ソウルオークション・ザ・コンシェルジュ:ミニマリズムが紡ぐ新たなラグジュアリー空間

空間の中の空間が生む洗練と親密さ、現代美の新基準

ソウルオークションのロビーに誕生した「ザ・コンシェルジュ」は、ミニマリズム建築の美学と現代的なラグジュアリーを融合させたインテリアデザインで注目を集めている。デザイナーのHyunju Julia Leeは、シンプルさと余白の美しさを最大限に活かし、来訪者に静謐で洗練された体験を提供する空間を実現した。

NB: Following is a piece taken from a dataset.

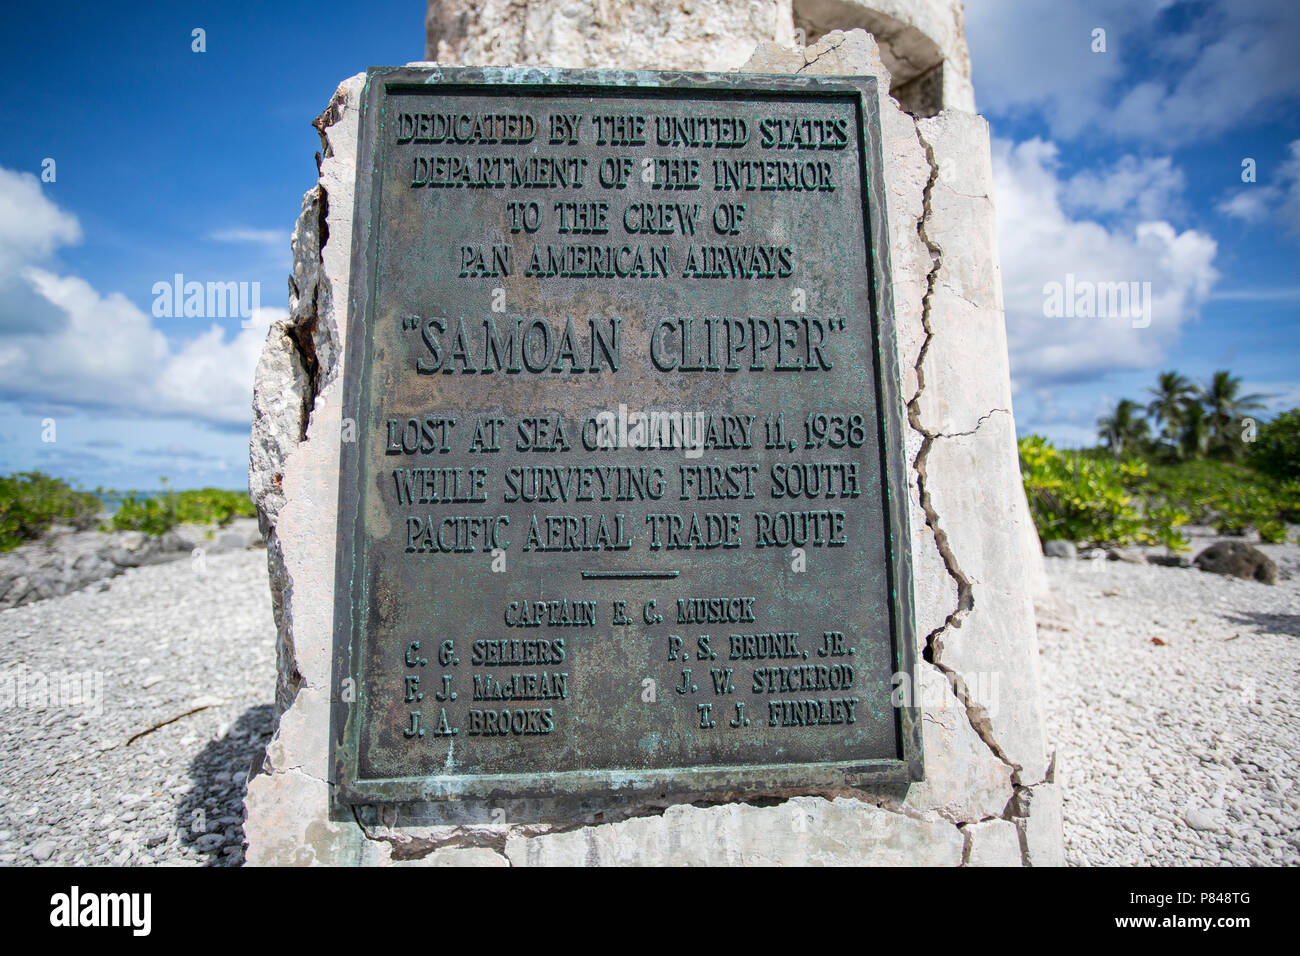 Denkmal für die Pan American Airways crew Der Samoanischen Clipper, auf dem Meer verloren, während die Vermessung der ersten South Pacific Antenne Handelsroute. Stockfoto

「ザ・コンシェルジュ」のデザインは、ソウルオークションの価値観を体現しつつ、ラグジュアリーアイテムの魅力を最大限に引き出すことを目指している。空間の中にもう一つの空間を設けることで、親密さとプライバシーを保ちながらも、訪れる人々を温かく迎え入れる設計が特徴だ。ミニマリズム建築の研究に基づき、光と空間のバランスを重視し、余白の美しさが高級感を際立たせている。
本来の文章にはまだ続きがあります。